The image of water from Jesus’ side also has strong connections to previous Jewish metaphors concerning the coming of the new eschatological age foretold by the prophets, which Jesus’ ministry has been inaugurating all throughout the Gospel. One of the most natural connections the Jewish audience might make between both Jesus’ statement in 7:37-39 and the flow of water from his side in 19:34 is with the vision of the end times in Ezekiel 47:1-12. Here the prophet is shown a river flowing from the temple in Jerusalem which brings healing to the dry, dead landscape and makes salty waters fresh. Earlier in the Gospel, the narrator made an explicit connection between Jesus’ body and the Jerusalem temple (2:21). The flow of water from Jesus, then, is an indication that the new age of blessing foretold by the prophets was beginning as a result of Jesus’ ministry and death. This new age was not something relegated to the distant future, as it was to the people of Ezekiel’s day, but was here now.
A similar image is found in Zechariah 14:8 which pictures living waters flowing in two streams out of Jerusalem at the end of the age. However, the parallels extend far beyond this single verse. Indeed, all of Zechariah chapter 14 seems to have particular resonance with Jesus’ statement in 7:37-38 and its surrounding context. Zechariah speaks of the “day of the Lord” when the nations will rally against Jerusalem and the Lord will come in power to win victory and reign supreme. The key elements in the prophecy are these: Jerusalem will be occupied by alien forces (14:1-2); the Lord will appear and fight on Israel’s behalf (14:3); he will “stand upon the Mount of Olives, east of Jerusalem” and provide an avenue of escape for His people (14:4-7). On that day living water will flow out from Jerusalem; the Lord will be King over the whole earth (14:8-9a) and the surviving nations will celebrate Tabernacles in Jerusalem (14:16-19). Each of the crucial elements of this prophecy play a part in Jesus’ appearance at the feast of Tabernacles.
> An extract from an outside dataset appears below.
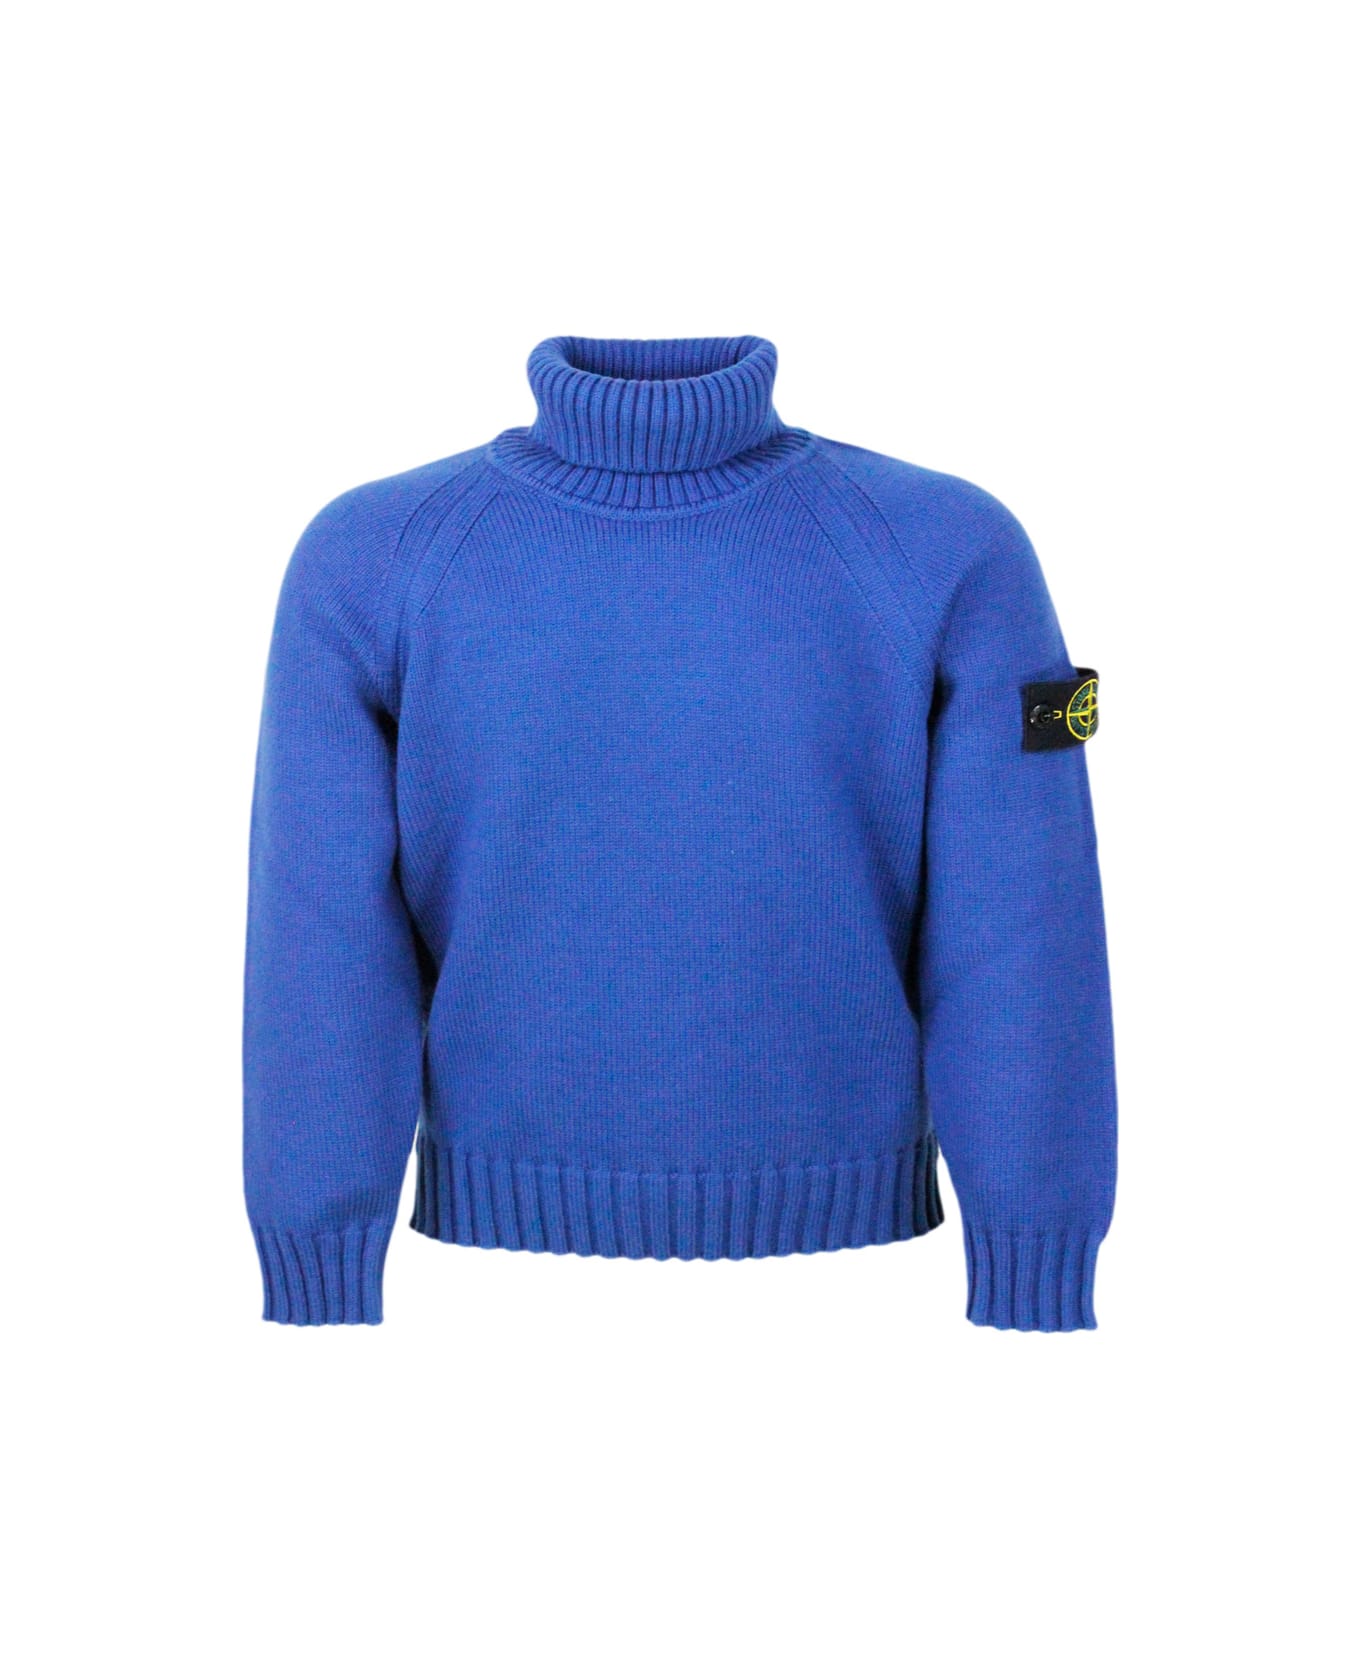 Stone Island Junior Long-sleeved Turtleneck Sweater In Warm Stretch Cotton With Badge On The Left Sleeve - Blu royal ニットウェア＆スウェットシャツ

At that time Jerusalem was indeed under alien occupation (as it had been for several hundred years); Christ appeared (midweek and unexpectedly) at Tabernacles to offer Himself on the behalf of the faithful; Jesus stood and promised living water and then retired to the Mount of Olives. The striking similarities between these two passages also support the idea that John is framing the water from Jesus (both metaphorical and literal) as concrete evidence that the Messianic Kingdom foretold by the prophets has now arrived in his person.
In typically Johannine fashion the author of this Gospel is not content for the symbols of water and blood in John 19 to point to just one meaning. Instead, they represent several different strands from Jewish soteriology and eschatology: water and blood as part of the sacrificial system for the atonement of sins, water as revelatory of identity, and the connection of running water with the giving of the Spirit. All of these are woven together to create one inescapable message: with the death (and eventual resurrection) of Jesus, everything has changed, the promises of the prophets have been fulfilled, and Jesus has been revealed once and for all as God himself incarnate.
 All translations are from the NIV, 2011 edition.